What the task asks: Print the listing below from its opening line through the line holding "Badly Parked Range", both ends included.

Input data:
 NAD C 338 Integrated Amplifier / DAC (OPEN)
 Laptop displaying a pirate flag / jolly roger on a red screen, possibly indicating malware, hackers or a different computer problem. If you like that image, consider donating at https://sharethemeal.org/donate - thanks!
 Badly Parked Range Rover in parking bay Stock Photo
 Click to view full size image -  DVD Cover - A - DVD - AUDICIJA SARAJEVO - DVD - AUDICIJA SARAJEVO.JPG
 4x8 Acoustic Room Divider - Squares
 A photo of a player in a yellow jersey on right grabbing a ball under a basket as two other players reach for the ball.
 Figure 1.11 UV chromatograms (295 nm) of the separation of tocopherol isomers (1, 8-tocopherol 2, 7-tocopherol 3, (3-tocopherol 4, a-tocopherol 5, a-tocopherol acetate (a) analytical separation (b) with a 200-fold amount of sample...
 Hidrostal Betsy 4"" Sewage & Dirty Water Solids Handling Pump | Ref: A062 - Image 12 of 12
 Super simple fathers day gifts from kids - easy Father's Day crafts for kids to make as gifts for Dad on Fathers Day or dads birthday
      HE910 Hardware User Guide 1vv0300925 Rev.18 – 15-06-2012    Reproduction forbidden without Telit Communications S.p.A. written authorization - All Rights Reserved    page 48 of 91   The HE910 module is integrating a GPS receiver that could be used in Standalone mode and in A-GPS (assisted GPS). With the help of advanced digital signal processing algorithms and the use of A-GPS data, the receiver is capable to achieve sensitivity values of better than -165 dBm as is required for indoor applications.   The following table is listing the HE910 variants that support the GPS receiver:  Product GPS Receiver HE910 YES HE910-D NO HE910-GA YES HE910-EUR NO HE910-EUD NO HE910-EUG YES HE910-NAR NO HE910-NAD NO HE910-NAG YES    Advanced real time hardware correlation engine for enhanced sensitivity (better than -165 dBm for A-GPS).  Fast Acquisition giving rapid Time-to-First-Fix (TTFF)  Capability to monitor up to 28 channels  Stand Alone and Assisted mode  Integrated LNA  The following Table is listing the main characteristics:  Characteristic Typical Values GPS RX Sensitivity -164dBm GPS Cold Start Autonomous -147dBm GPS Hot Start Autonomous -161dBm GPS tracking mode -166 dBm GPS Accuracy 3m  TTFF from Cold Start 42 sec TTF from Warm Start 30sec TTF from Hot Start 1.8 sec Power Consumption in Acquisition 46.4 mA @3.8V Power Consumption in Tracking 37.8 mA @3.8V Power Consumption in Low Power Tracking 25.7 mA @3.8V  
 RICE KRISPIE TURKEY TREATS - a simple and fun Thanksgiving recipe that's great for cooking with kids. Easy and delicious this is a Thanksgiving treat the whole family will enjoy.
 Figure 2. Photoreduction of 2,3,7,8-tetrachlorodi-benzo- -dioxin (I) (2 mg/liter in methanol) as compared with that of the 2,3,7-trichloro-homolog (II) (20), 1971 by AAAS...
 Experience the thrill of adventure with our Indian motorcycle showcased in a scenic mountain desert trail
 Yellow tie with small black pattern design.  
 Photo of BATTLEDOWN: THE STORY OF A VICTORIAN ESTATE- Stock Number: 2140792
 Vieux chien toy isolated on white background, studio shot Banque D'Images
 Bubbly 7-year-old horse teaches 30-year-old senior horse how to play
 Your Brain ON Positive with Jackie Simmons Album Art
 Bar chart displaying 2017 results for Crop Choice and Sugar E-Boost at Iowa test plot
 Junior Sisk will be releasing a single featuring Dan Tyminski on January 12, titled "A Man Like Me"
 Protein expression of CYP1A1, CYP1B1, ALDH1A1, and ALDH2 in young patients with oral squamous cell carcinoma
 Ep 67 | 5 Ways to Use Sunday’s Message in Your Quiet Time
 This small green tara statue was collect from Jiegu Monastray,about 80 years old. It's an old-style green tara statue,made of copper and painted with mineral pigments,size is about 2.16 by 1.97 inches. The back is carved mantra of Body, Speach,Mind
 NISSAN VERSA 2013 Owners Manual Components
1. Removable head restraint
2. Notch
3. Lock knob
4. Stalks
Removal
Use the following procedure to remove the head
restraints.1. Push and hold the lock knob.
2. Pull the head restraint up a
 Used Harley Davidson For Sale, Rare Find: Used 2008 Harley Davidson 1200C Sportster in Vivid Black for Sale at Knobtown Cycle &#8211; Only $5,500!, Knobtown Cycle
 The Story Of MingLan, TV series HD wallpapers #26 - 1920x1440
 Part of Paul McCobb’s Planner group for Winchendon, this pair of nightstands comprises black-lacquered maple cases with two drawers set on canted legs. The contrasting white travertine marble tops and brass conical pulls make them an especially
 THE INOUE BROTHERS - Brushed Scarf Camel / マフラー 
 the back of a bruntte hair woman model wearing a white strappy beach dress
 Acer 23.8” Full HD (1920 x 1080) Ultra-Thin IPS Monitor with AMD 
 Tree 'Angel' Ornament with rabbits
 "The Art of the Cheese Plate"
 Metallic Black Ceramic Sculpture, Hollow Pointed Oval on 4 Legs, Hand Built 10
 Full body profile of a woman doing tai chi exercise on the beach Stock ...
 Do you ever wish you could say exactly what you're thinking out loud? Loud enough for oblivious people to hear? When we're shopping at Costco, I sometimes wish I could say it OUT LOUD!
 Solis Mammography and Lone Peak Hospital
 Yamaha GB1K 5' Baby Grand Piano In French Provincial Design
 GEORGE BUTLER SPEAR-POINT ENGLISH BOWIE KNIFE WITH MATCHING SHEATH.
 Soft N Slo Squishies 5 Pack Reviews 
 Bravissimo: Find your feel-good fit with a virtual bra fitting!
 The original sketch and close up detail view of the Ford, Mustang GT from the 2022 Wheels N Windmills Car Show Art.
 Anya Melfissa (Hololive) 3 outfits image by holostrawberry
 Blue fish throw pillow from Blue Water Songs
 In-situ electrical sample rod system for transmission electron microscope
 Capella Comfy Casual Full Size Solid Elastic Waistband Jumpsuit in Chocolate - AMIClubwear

Your response:
 NAD C 338 Integrated Amplifier / DAC (OPEN)
 Laptop displaying a pirate flag / jolly roger on a red screen, possibly indicating malware, hackers or a different computer problem. If you like that image, consider donating at https://sharethemeal.org/donate - thanks!
 Badly Parked Range Rover in parking bay Stock Photo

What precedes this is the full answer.